There were only so many ways you could manipulate the bones and spirits of men and common beasts before they were warped beyond recognition after all, and it would need more than the zombie legions it had and the goblin tribes that were slowly being reformed under the leadership of the Dark Eye tribe for the wars that were to come. The goblins might be useful against their southern neighbor at least, though it would be a long time until the fingers of the tribes once more curled into a fist worth using against any opponent, and unless it tamed Krulm’venor once more, that fist would lack any real force.

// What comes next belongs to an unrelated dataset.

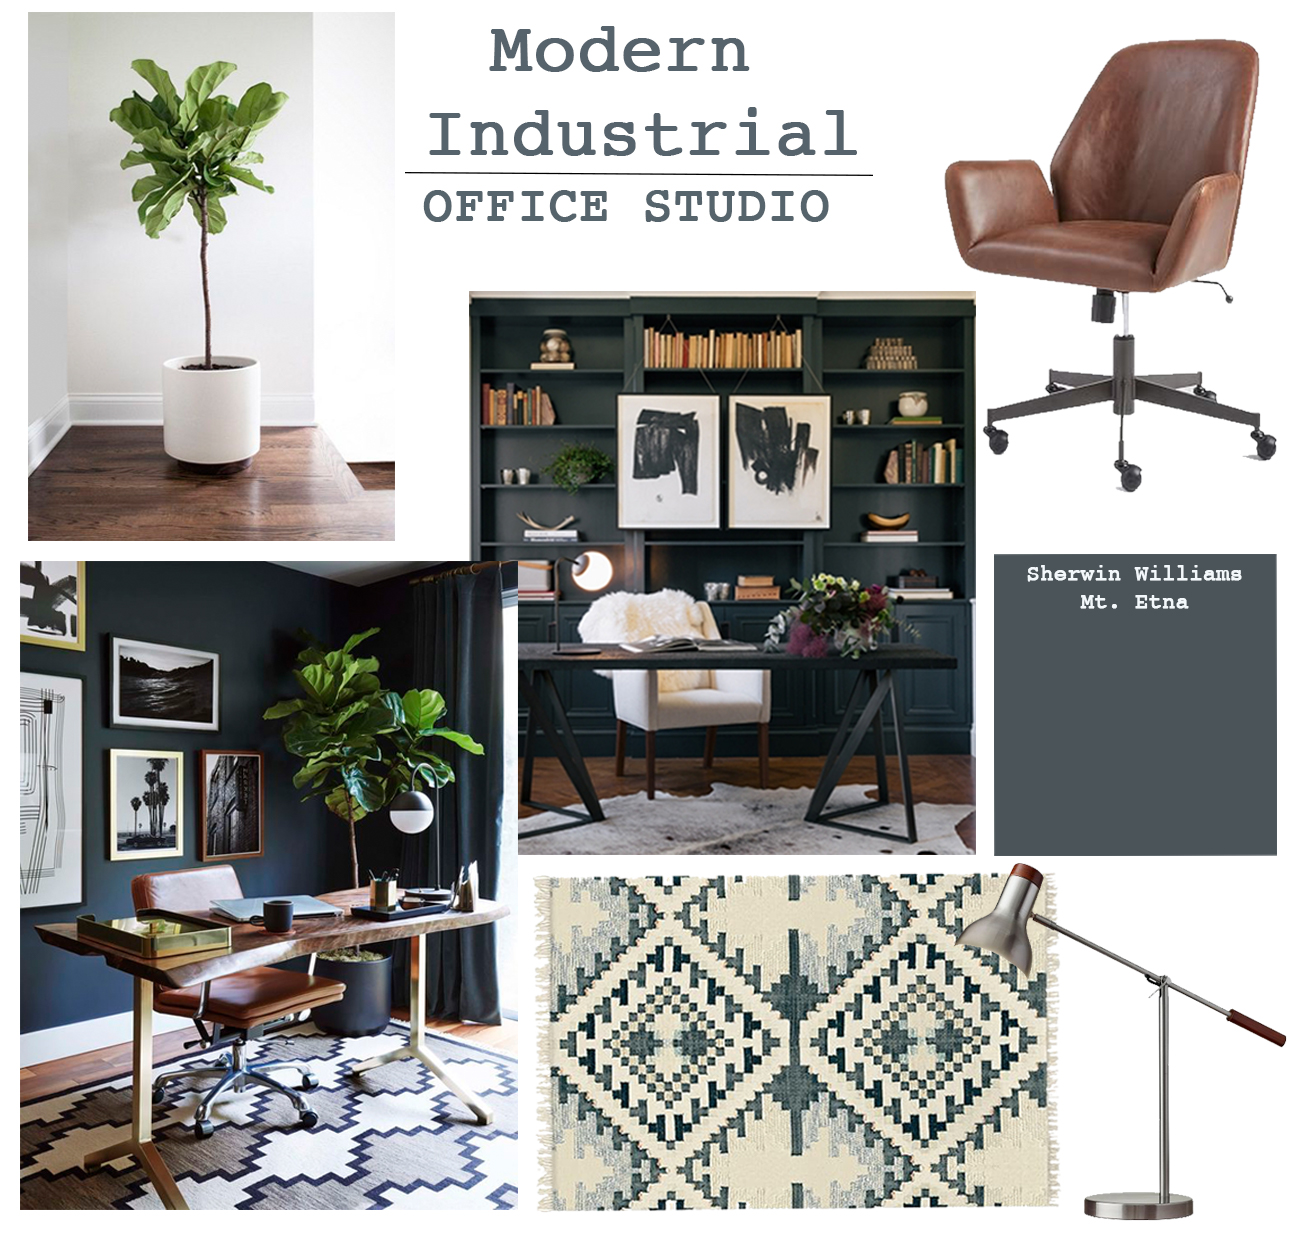 Studio Office Design: Modern Industrial

It could feel Lindvell stirring to the west, even as Dutton eyed its neighbor enviously from across the river to the east. The enmity between Greshen and the county of Lindvell which hugged the coast were well known and long-standing, but the discovery of the region’s new gold mine in the red hills had added their other neighbor, the county of Dutton to the list. For a long time they had been the richer of the two river dominated regions. They had better soil and consequently, more people than Greshen. The poisoning of the river was affecting the other kingdom more though, if only because of the direction that the Lich drew the mana. The loss of poor share croppers to better lands merely added insult to injury.

The fool Kelvun was more obsessed with treachery in his inner circle than he was with the enemies that were beginning to gather in all directions. Ostensibly they were all stewards of the king’s lands, and wars between those lands were supposed to be rare, but if the King felt threatened by the glorious ascent of Kelvun “Goblins Bane” Garvin, then he might allow such a thing. And if a war came to pace, the Lich had no doubt that both of Greshen’s neighbors would strike at once.

Necessarily, such a war would have to be one fought between mortal powers, the Lich thought with frustration. It would be easy enough for it to field an army of the dead and crush either region, but that would draw in the church, and upset all the Lich’s plans. No, since its pet lordling was busy chasing the skirts of barmaids in Blackwater Landing, it would fall to the darkness to stop the war before it could get started.

Normally it would be all in favor of a little war. Some infighting that left thousands dead while nothing else really changed was exactly what the Lich had just done to the county with its goblin army. A new army would remove his pawn though, and with it the gold that had been promised to it, and for the darkness, that was intolerable. Something had to be done, and for better or worse, the only tool it had that could work such a miracle was a plague.

It had been cooking up several, using the gray shivers as a basis, but until recently it had been focusing on creating diseases that maximized suffering rather than contagion. That had changed. Now it wanted something that didn’t just make the afflicted pray for death, it wanted something that made sure that where one victim fell with a fever ten more would soon follow.

This would take time, so for every minute the Lich wasted on building the perfect disease that would kill off enough men to ensure another war free year or two, it increased the boy’s paranoia just a bit more in his sleep. If the Lich wasn’t going to be able to focus on what was truly important, then neither would its servant.